The president’s attorney Michael Cohen is going to jail in part because he lied to committees in both the House and Senate about the details and timing of the Moscow Trump Tower deal. Thanks in large part to electronic records obtained by BuzzFeed, we have an extraordinary amount of detail about the work Cohen and his childhood friend Felix Sater did in an effort to make a tower deal happen. In fact, we even have some insight into how much effort the Trump Organization put into it, including detailed architectural plans and a lot of man-hours from their legal department as they hammered out the contractual language.
A key part of Cohen’s perjury has to do with his false claim that he decided to shut down the project in January, 2016, “before the Iowa caucus and months before the very first primary.” In truth, the effort continued on much later into the year. One major reason Cohen initially thought he could get away with this lie is that in January he and Sater stopped using regular chat and email to correspond with each other.
Sater has told investigators that during the first months of 2016, he and Cohen were using Dust, at Cohen’s suggestion, to communicate secretly about the Moscow project. Those messages, which were encrypted and are deleted automatically, have disappeared forever, Sater told BuzzFeed News.
Presumably, it’s true that Cohen and Sater’s communications in the late winter and early spring of 2016 have been lost forever. But there are other records from the time period that demonstrate that Sater was still working feverishly to make a deal, and as part of that he was trying to get both Cohen and Trump to travel to Russia to meet with top Kremlin officials, possibly including Vladimir Putin himself.

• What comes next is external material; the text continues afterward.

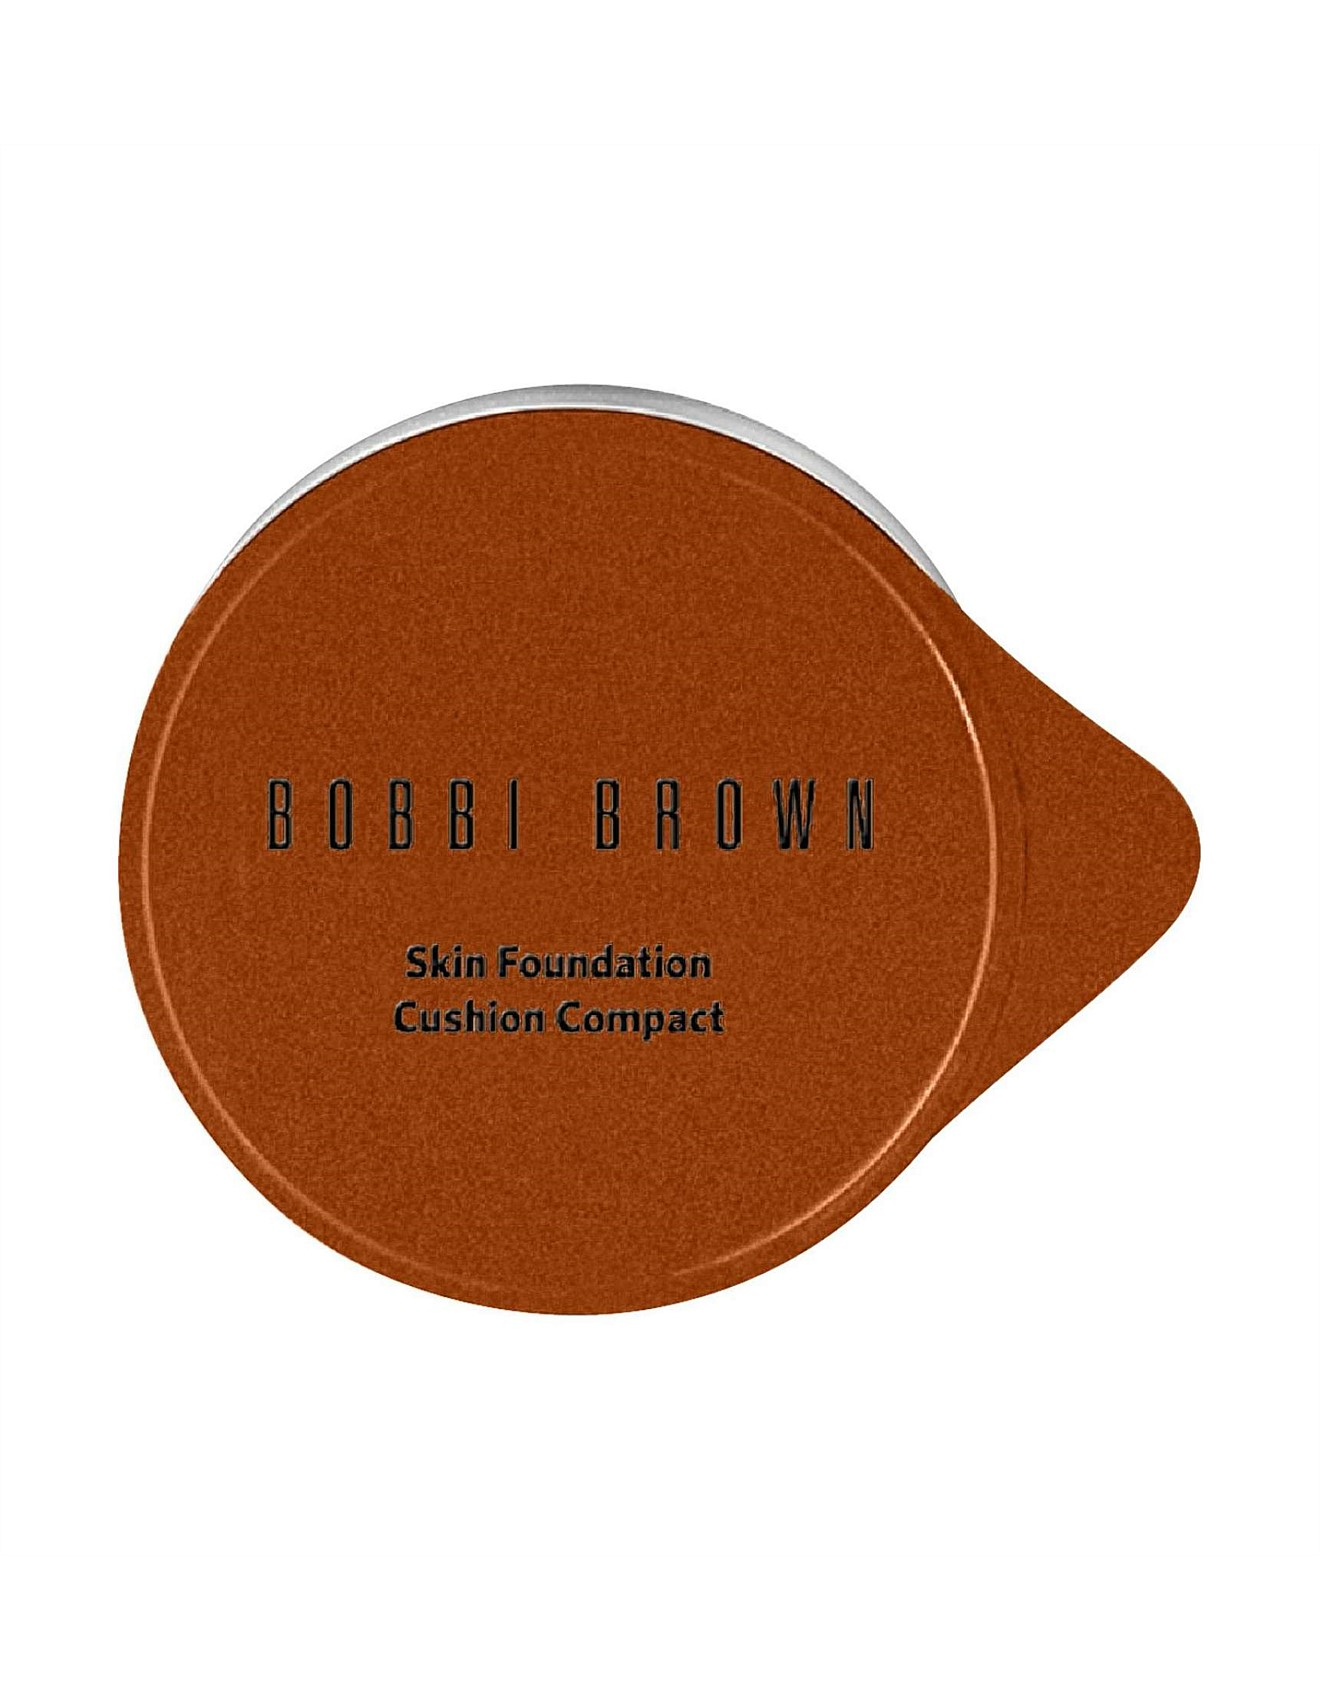 Skin Foundation Cushion Compact Refill

By May, with the Republican nomination all but secured for Trump, Cohen and Sater were back to communicating on unencrypted channels. They discussed whether Trump should travel to Russia before or after the July 18-21 Republican National Convention in Cleveland. Cohen said he would travel prior to the convention but that Trump’s trip would have to wait until after “he becomes the nominee after the convention.”
Working, he claimed, with Kremlin press secretary Dmitry Peskov, Sater won Cohen an invitation to attend the June 16-18 St. Petersburg International Economic Forum. However, he ran into a snag trying to get Cohen a visa in time for the trip. On June 13, he received the documents he needed Cohen to fill out, but realized that it would take Russia five days to process the application. On June 14, he received a “visa support letter” from someone at the Roscongress Foundation who was helping to organize the forum and was assured that he could use it to get an expedited visa within 24 hours. Early that morning, he began texting Cohen to let him know that they needed to take care of the visa that day, but Cohen did not immediately respond. It wasn’t until shortly after noon that Cohen finally got back to him.
Around 11:35 am, approximately a half hour before Cohen told Sater he would call him in two minutes, the Washington Post broke the story that Russian hackers had broken into the DNC and stolen documents, including the Democrats’ opposition research file on Trump. If Cohen was not aware the story had been published at 12:06 pm, he certainly was aware of it by 2:41 pm when Sater arrived at Trump Tower to pick Cohen up to deal with the visa issue.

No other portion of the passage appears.